A menudo no es Dios quien te frena, son las cuestiones sin resolver que
siguen ligadas a tu vida. Cuando te arrepientes y entregas esas cosas, el
enemigo pierde el control y entras en la libertad. El arrepentimiento no es un
castigo, es liberación. Es la puerta de entrada hacia tu próximo nivel. Cuando
te humillas ante Dios, las cosas empiezan a cambiar rápidamente.
Para quienes aún no hicieron de Jesús el Señor de sus vidas, este es el
momento para hacerlo. La salvación es el verdadero cruce. Es salir de la
oscuridad para entrar en la luz y salir de la esclavitud para entrar en la
promesa. A través de Cristo recibes perdón, sanidad y restauración, y comienzas
una vida completamente nueva en Él. Simplemente haz una oración, ¡pídele perdón
a Dios y dile que te arrepientes de tus pecados para caminar en una vida nueva!
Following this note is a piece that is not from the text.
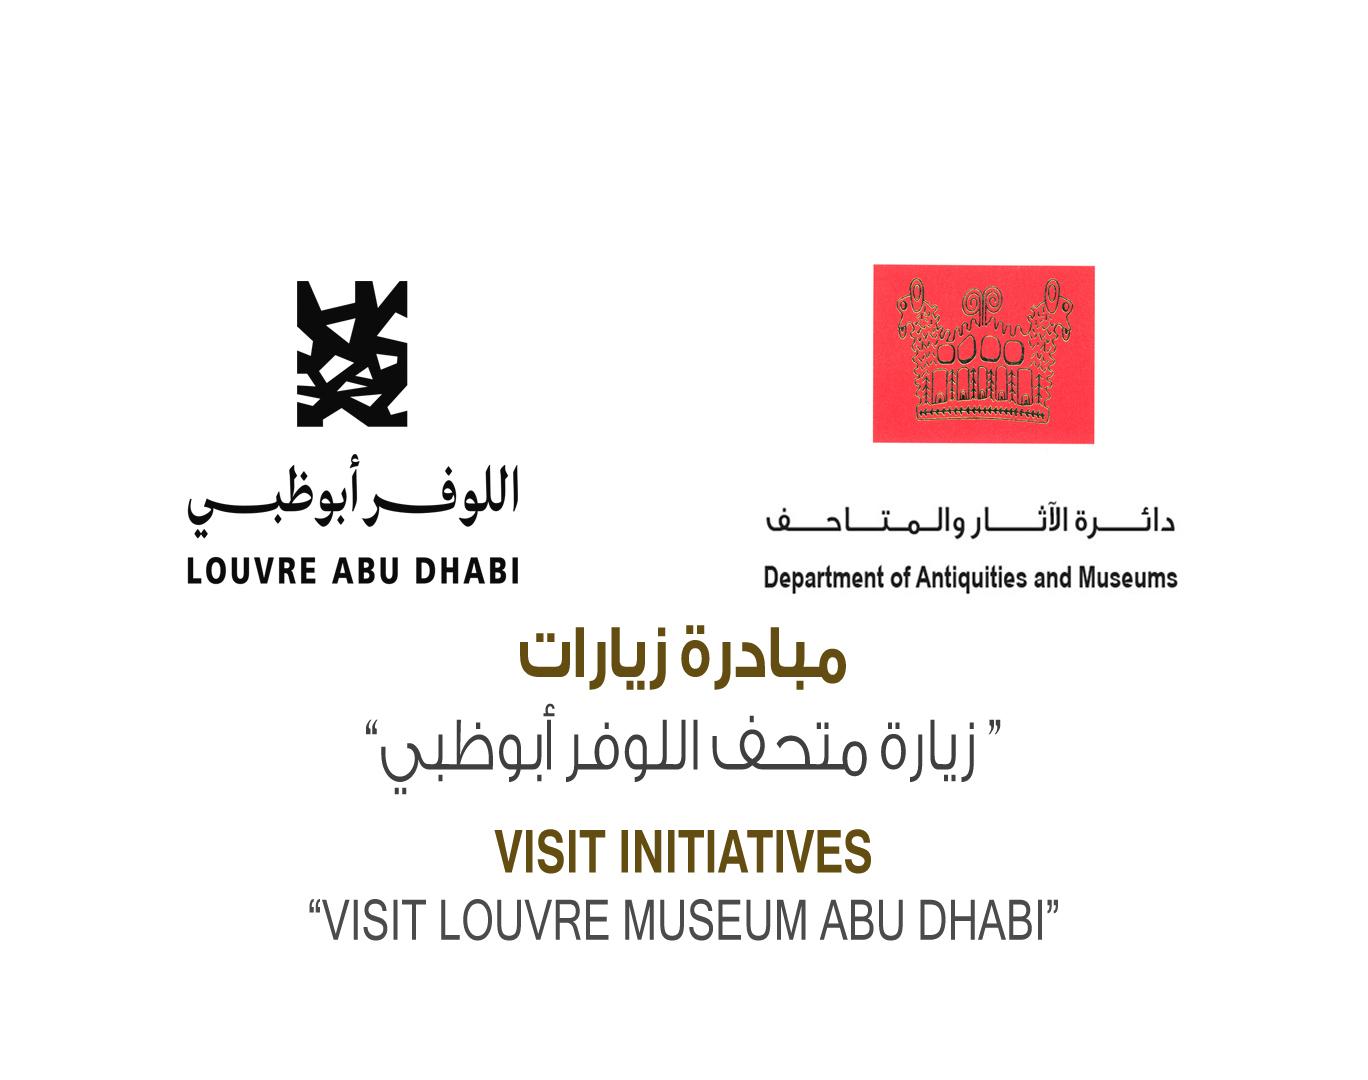 LOUVRE MUSEUM VISIT

Romanos 10:9–11: “… que si confesares
con tu boca que Jesús es el Señor, y creyeres en tu corazón que Dios le levantó
de los muertos, serás salvo. Porque con el corazón se cree para justicia, pero
con la boca se confiesa para salvación. Pues la Escritura dice: Todo aquel que
en él creyere, no será avergonzado”.
Un tiempo de sanidad, restauración y
generosidad. Este también es un tiempo donde
Dios avanza en la sanidad y la restauración. Creo sinceramente que, a medida
que las personas se rindan y vuelvan a alinearse con Él esta semana, ocurrirá
la sanidad “física, emocional y en las relaciones”.
Se restaurarán las relaciones, se levantarán las enfermedades y se romperán
cadenas. Hay una gracia especial en esta temporada para la plenitud.
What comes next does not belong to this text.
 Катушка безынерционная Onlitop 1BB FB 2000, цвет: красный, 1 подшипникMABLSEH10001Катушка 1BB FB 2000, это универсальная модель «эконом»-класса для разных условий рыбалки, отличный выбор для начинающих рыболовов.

La Pascua judía también es un tiempo para dar. Las Escrituras nos enseñan:
“Siete días celebrarás fiesta solemne a Jehová
tu Dios en el lugar que Jehová escogiere; porque te habrá bendecido Jehová tu
Dios en todos tus frutos, y en toda la obra de tus manos, y estarás
verdaderamente alegre. Tres veces cada año aparecerá todo varón tuyo delante de
Jehová tu Dios en el lugar que él escogiere: en la fiesta solemne de los panes
sin levadura, y en la fiesta solemne de las semanas, y en la fiesta solemne de
los tabernáculos. Y ninguno se presentará delante de Jehová con las manos
vacías; cada uno con la ofrenda de su mano, conforme a la bendición que Jehová
tu Dios te hubiere dado” (Deuteronomio 16:15–17).
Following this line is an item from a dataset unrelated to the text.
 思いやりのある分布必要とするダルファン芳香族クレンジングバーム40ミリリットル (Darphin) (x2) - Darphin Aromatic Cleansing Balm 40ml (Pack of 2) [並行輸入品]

Esto no es una obligación, se trata de alineación. En este pasaje
Dios habla de su propio deseo de bendecirte y elevarte en todas las obras de
tus manos. Ven hacia Él en fe, como un acto de adoración que te prepare para
recibir lo que Dios prometió.
Siete bendiciones relacionadas
con esta temporada
Hay manifestaciones de la bendición relacionadas con esta estación y con
nuestra obediencia que no podemos ignorar. El Señor declara siete manifestaciones
de su bendición en Éxodo 23:20–32:
1. Dios le asignará un ángel a su pueblo.
2. Dios será enemigo de los enemigos de su pueblo.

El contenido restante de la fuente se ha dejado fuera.